Option 2: Reduce the load or replace the battery. The firmware inside a Smart-UPS is designed to last for years, yet the batteries are consumable items. As the batteries age, they lose their ability to hold a charge and therefore available runtime will decrease over time. Once the runtime remaining is within 2 minutes of the low battery signal warning time, the battery charge LEDs will begin to flash and PowerChute software / SmartSlot accessories will report that the “UPS batteries are discharged”, even if the battery is at 100% capacity. In the case of an older unit running with a heavy load, try reducing the attached load. If the unit is an XL (Extended Run) model, then try adding an additional battery pack. Typical battery life is 3 – 6 years. If you have an older UPS, try replacing the battery. XL battery packs and replacement battery cartridges are available for purchase on our website at RefurbUPS.com

Option 3: Perform a Runtime Calibration. This is a manual procedure and should not be confused with the runtime calibration performed through PowerChute software. The batteries inside of the Smart-UPS are controlled by a microprocessor within the UPS. Sometimes it is necessary to reset this microprocessor, especially after the installation of new batteries. Stop the PowerChute software from running and disconnect the serial cable. There must be at least a 30% load attached to the UPS during this procedure, and this load cannot fluctuate more than +/- 5%. This process will cause the UPS to shut off and cut power to its outlets, therefore, attach a non-critical load to the UPS and then force the UPS on battery by disconnecting it from utility power. Allow the unit to run on battery until it turns off completely. Make sure a 30% load is present! Plug the UPS back into the wall outlet and allow it to recharge (it will recharge more quickly turned off and with no load present). Once the unit has recharged, the “runtime remaining” calculation should be more accurate. Remember that if the unit is an older model, then the runtime will not improve significantly. Note: Should the previous steps not resolve the issue contact APC support at 800.890.4272 for further assistance.

Background: An APC Smart-UPS has a microprocessor which calculates runtime primarily based on the load attached to the UPS and on its battery capacity. On the right side of the front display panel there is a vertical graph of five LEDs. Each LED is an indication of battery charge in increments of twenty percent: 20, 40, 60, 80, 100% (bottom to top). For example, if the battery charge is 95%, then only four of the five LEDs are illuminated. To ensure that an operating system receives a graceful shutdown when using PowerChute plus or a SmartSlot accessory, an alert is generated by the Smart-UPS indicating that the UPS has reached a low battery condition. The alert is audible (rapid beeping), visual (flashing battery LED or LEDs), and readable through the graphical interface of PowerChute software (or a native UPS shutdown program within a particular operating system.) In order to calculate this “low battery condition,” all Smart-UPS products have a preconfigured low battery signal warning time of two minutes (this is the factory default setting).
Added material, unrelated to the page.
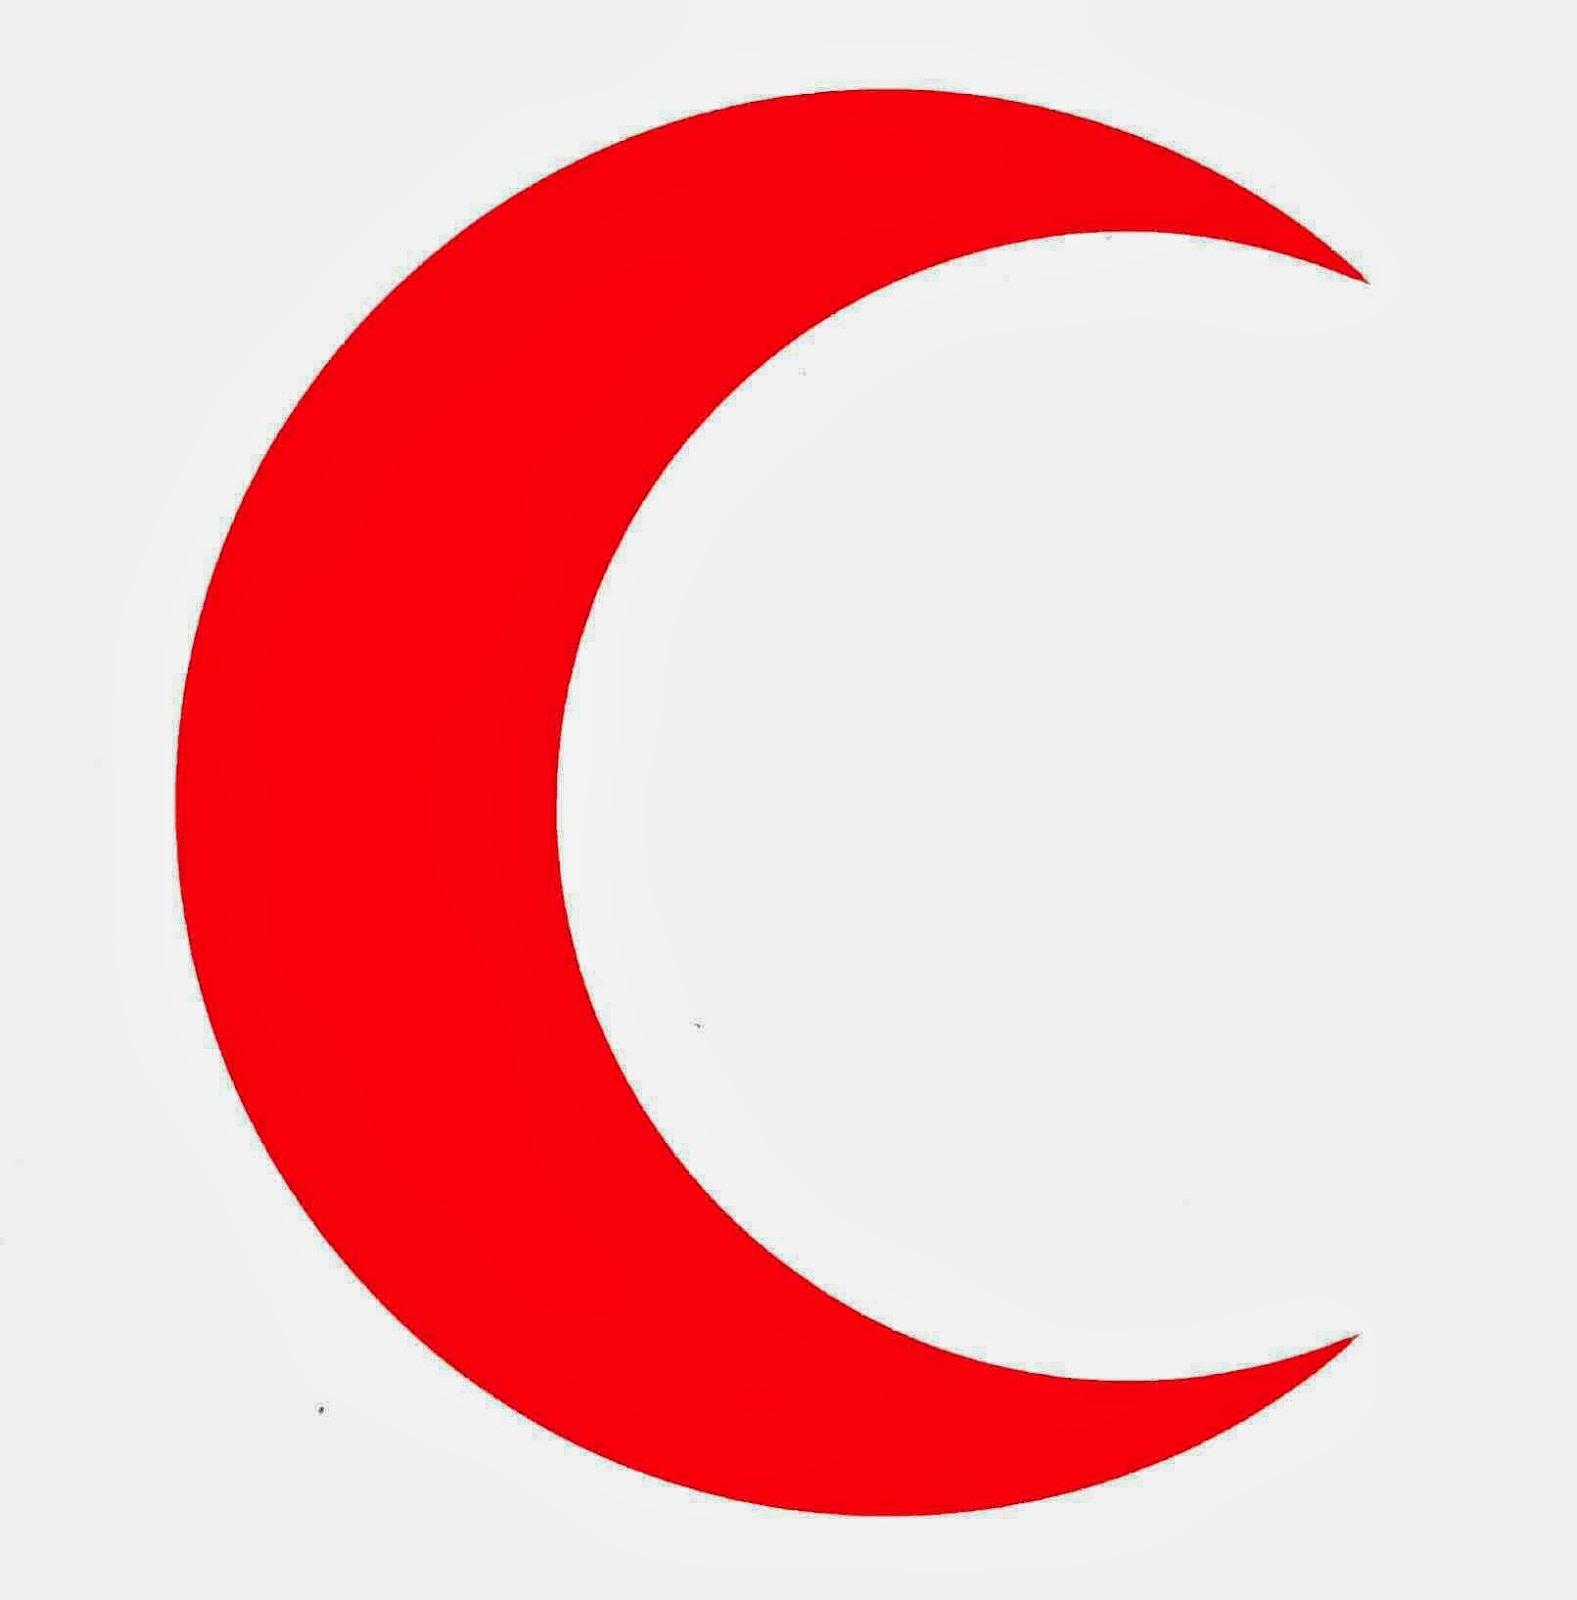 PMR SMKN 3 GARUT BERSAMA TUK MANDIRI MANDIRI TUK BERSAMA
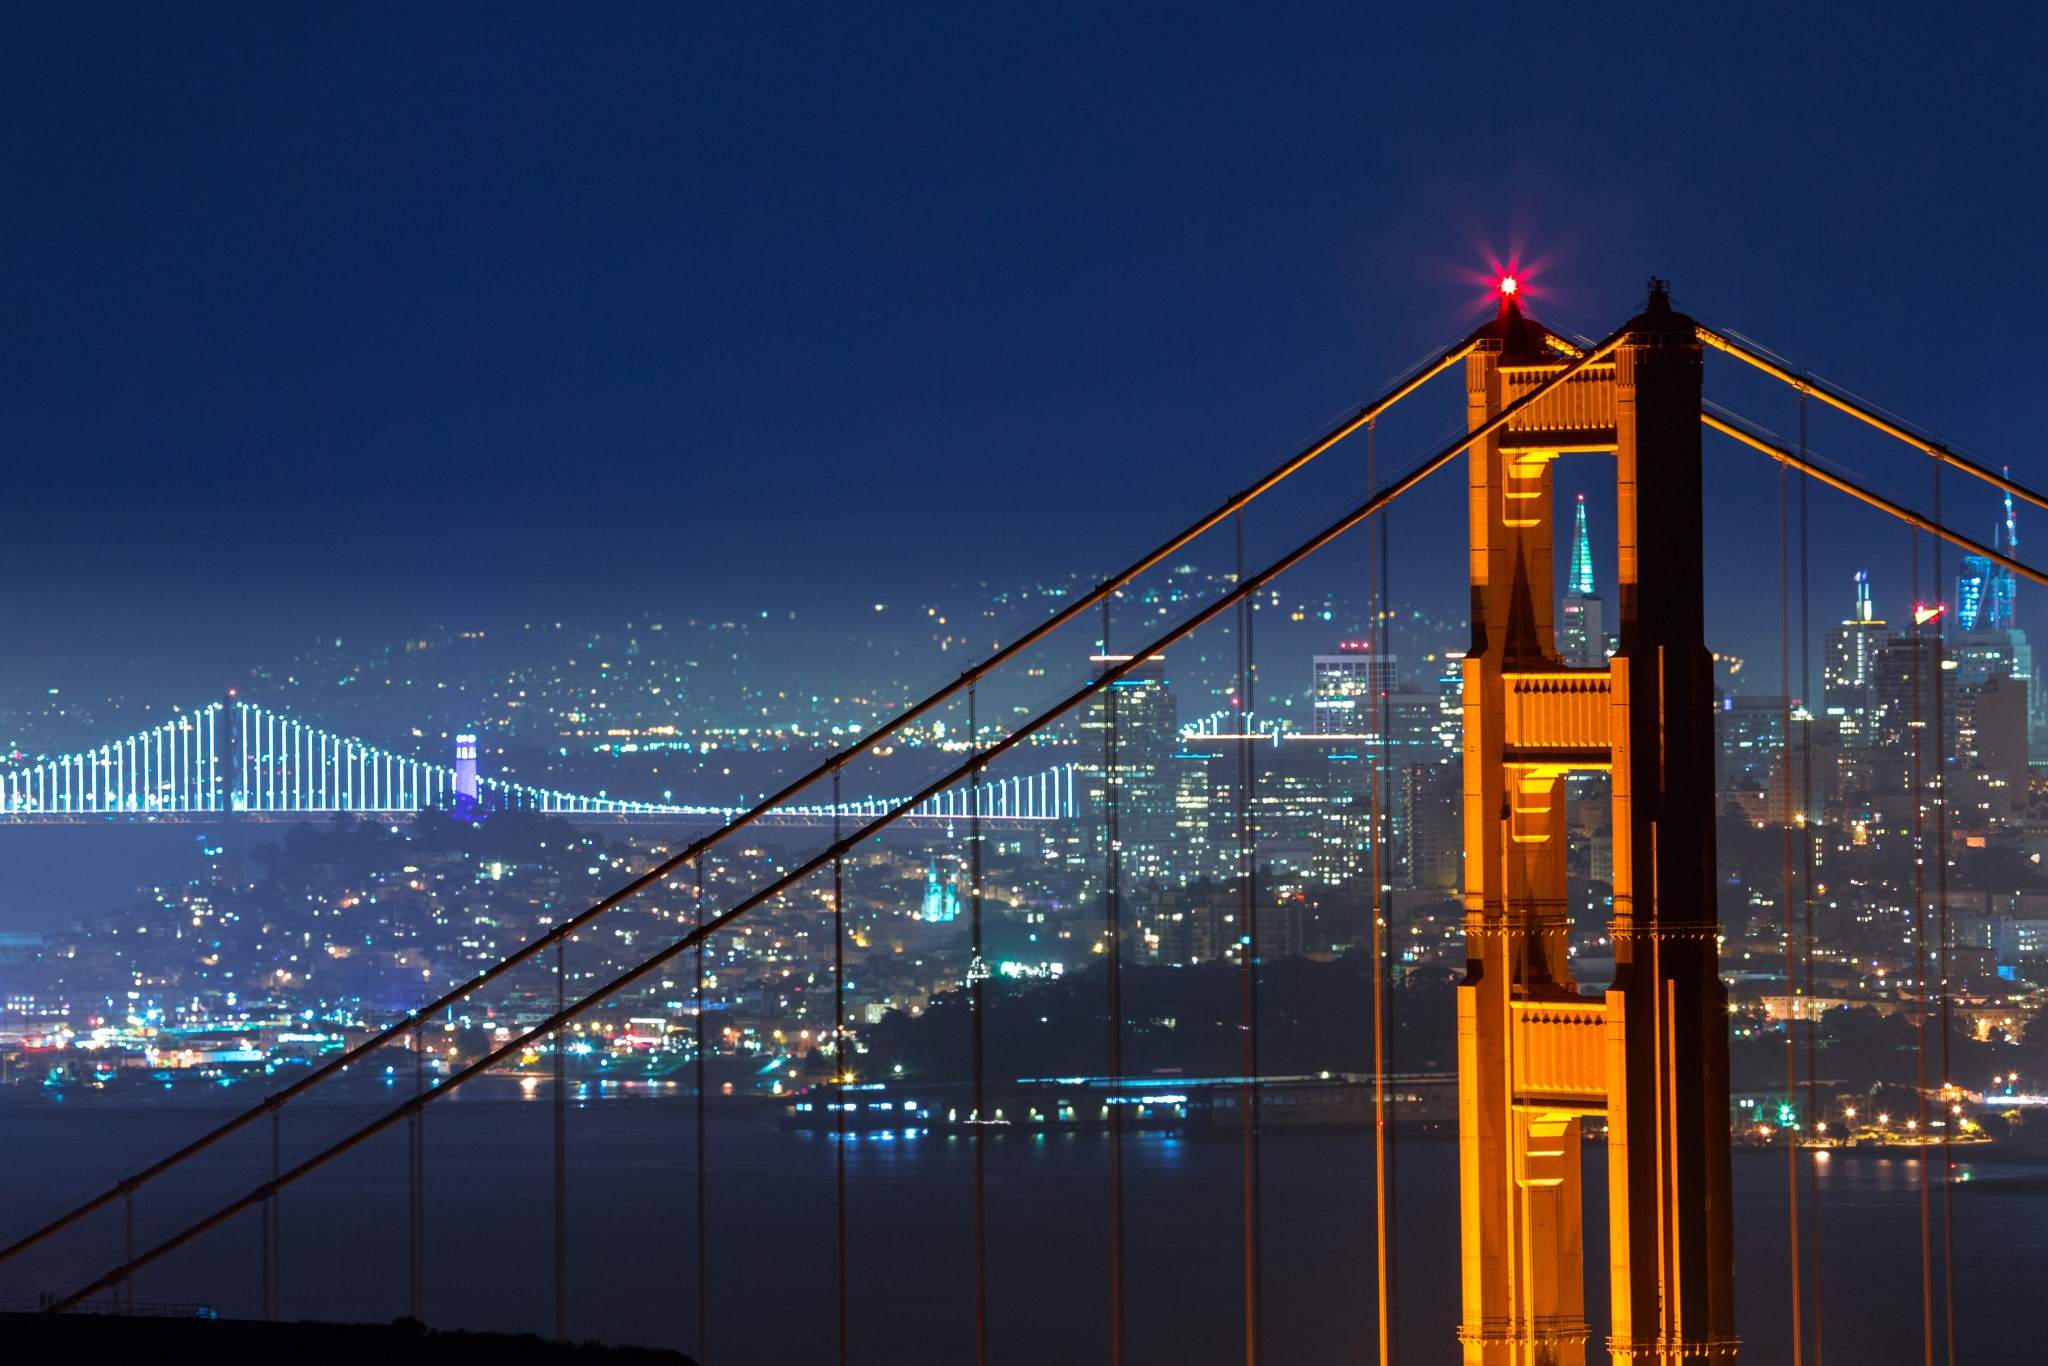 Golden Gate Bridge by Dianachang

There are a total of four user-changeable settings: 2, 5, 7, or 10 minutes. If the low battery signal warning time is set for 2 minutes, then the alerts will activate simultaneously two minutes prior to shutdown. Similarly, if the total runtime for a particular UPS is 30 minutes with a low battery signal warning time set at 10 minutes, then the UPS will run on battery for 20 minutes before the low battery alert begins. Total runtime is primarily based on two factors, battery capacity and UPS load. UPS load and runtime on battery are inversely proportional: as load increases, battery runtime decreases and vice versa. When utility power is lost, the UPS begins discharging the battery in order to support the attached load. Once power returns, the Smart-UPS will automatically begin to recharge its battery.

How could I turn off a solid "Replace Battery LED" on my Smart-UPS?

All Smart-UPS units have a built-in automatic battery self-test feature. The purpose of the test is to check the condition of the battery, and to provide an audible and visual alarm to the user when it is time to replace the internal battery. If the UPS is left on at all times, by default, the unit will run a self-test on the battery every 14 days. The test will also run automatically every time the Smart-UPS is turned on, or manually, by pressing and holding the I/Test button on the front of the Smart-UPS.

If the battery fails the test, the “Replace Battery” LED will illuminate. This LED is a warning that the battery may be near the end of its life, and should typically be replaced within 2-4 weeks.

Solution: If the Replace Battery LED is lit, then perform the following steps to determine if the battery does in fact need to be replaced, or if the bad battery indication was due to an invalid test, giving false results.

1. Determine the approximate battery capacity using the battery capacity bar graph LEDs**, which are the row of 5 LEDs on the far right side of the front panel; each LED represents approximately a 20% charge on the battery. If not all of the LEDs are illuminated, then proceed to step 2. If all battery charge LEDs are illuminated, then move to step 3.

2. If all of the battery charge LEDs are not lit, then the battery needs to be charged. If possible, charge the unit for 24 hours or at the very least, charge a standard unit for 3 hours and an XL for 9 hours. The Smart-UPS will charge whether it is on or off. The unit will charge whether there is equipment plugged in or not. However, in environments where the power quality is poor, it is recommend that the unit be off during this charging period. As long as the Smart-UPS is on and able to supply power to your equipment, it is possible that it may switch to battery operation, which will lengthen its recharge time. When all battery charge LEDs are lit, proceed to step

3. If all LEDs do not illuminate after 24 hours, and the unit has been plugged into a good power outlet, there could potentially be a problem with the UPS itself, and it should be replaced.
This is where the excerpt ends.